Last year it was rumoured that dog psychologist Cesar Millan would be visiting China on his world tour. As viewers of his popular series will know, Millan usually discovers that the master and not the animal itself is the root cause of the dog’s behavioural problems. So it would have been interesting to see how he dealt with Chinese dog owners, many of whom are owning a pet for the first time.
In the end Millan only came to Hong Kong. But if he had ventured further into China he would have wanted to steer clear of Yulin in Guangxi. Dog lovers in this southern city have a different agenda altogether. Forget training the animals; they are more interested in eating them.
Opposition to Yulin’s annual dogmeat festival first stirred on social media platforms a few years ago. But this year the condemnation of the event has risen to a new level, with activists travelling to the city to protest against the slaughter.
Yulin’s dog vendors estimate that as many as 10,000 animals were eaten during the week-long festival on past occasions. But this year sales are down by as much as 90%. One trader told Xinhua that he had only sold three dogs this year, when last year it was 30. “We fear the festival may be shut down soon,” another said.
That looks possible. Three years ago a similar festival in Zhejiang was cancelled and the local government is trying to distance itself from Yulin’s event.
“In recent years, a few people in Yulin would get together on the summer solstice to eat dog meat and lychees, to the extent that it’s gradually become a culinary tradition,” it said in a statement.
“This so-called ‘Summer Solstice Lychee and Dog Meat Festival’ is just something individual businesses and people have come up with, and in fact this holiday doesn’t exist.”
In May, the city government told civil servants and their families not to go to restaurants and street stalls selling dog meat, with officials complaining online that they no longer dared to eat dog in public, according to Legal Evening News.

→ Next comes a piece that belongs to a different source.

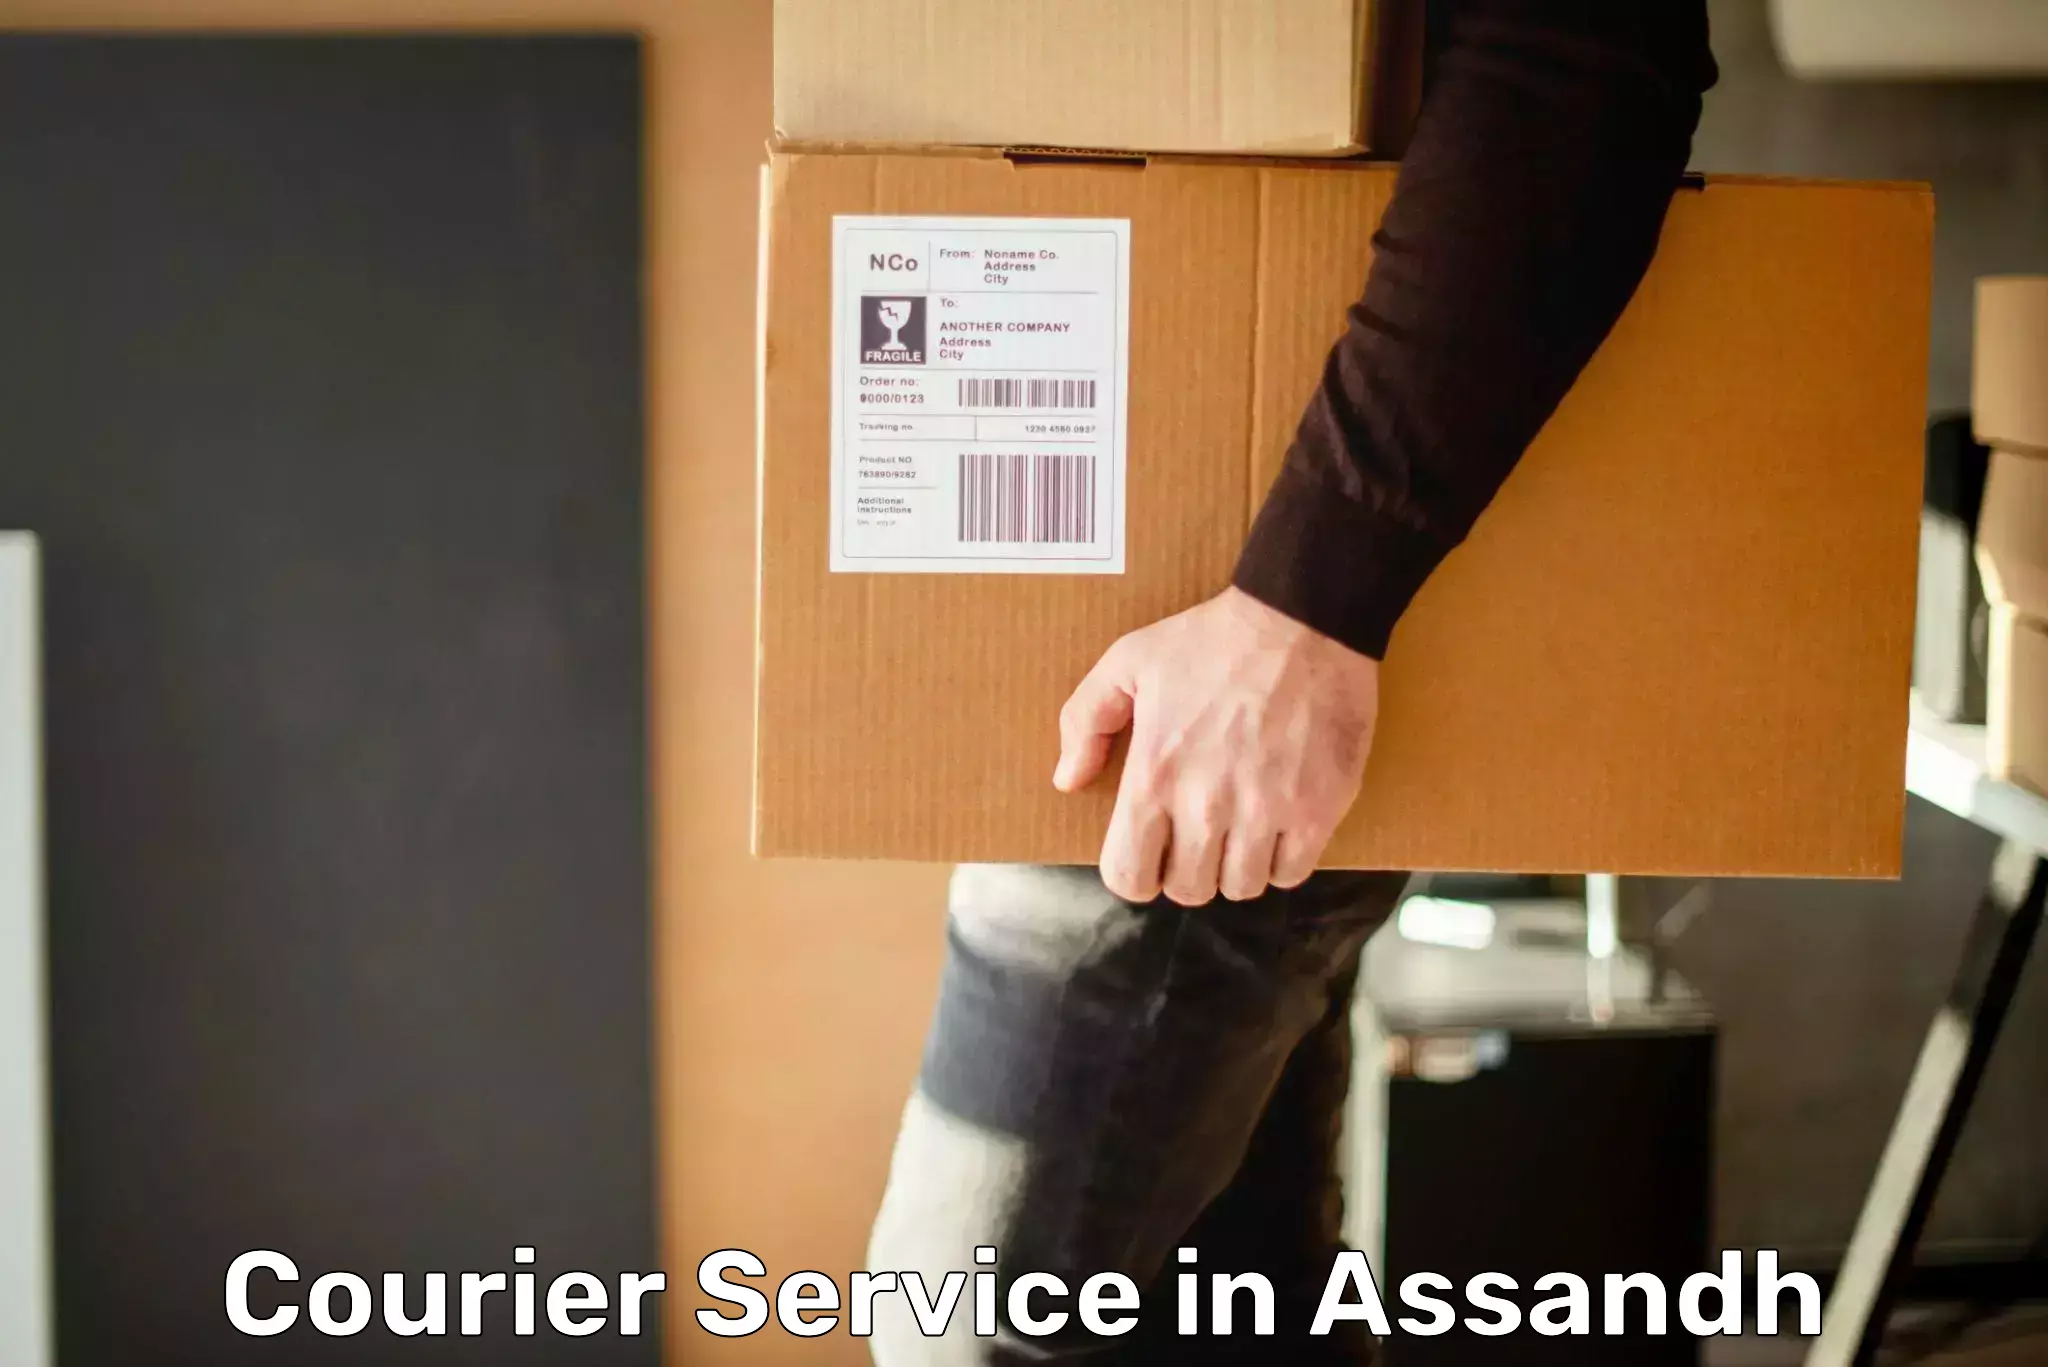 Secure packaging in Assandh

Xinhua has also reported that some residents did their banqueting a week early to avoid activists and journalists.
Scuffles between activists and vendors won’t have helped the event’s prospects; nor nasty scenes on video-sharing website Youku in which a stallholder threatens to slit a dog’s throat if activists don’t pay to save it.
But there were also complaints from festival goers who came to Yulin for canine cuisine, especially that activists were driving up the prices of their meals. (Eating dog during the summer solstice is supposed to ward off illness in winter.)
The People’s Daily seemed to be nudging its readers away from the practice by asking animal lovers to “educate” dogmeat fans about the virtues of animals as pets.
“It might be difficult to draw a universally accepted line as to what animals should be eaten,” the newspaper admitted. “But when there is already a vast variety of meat available, maybe it is time to stop serving dog.”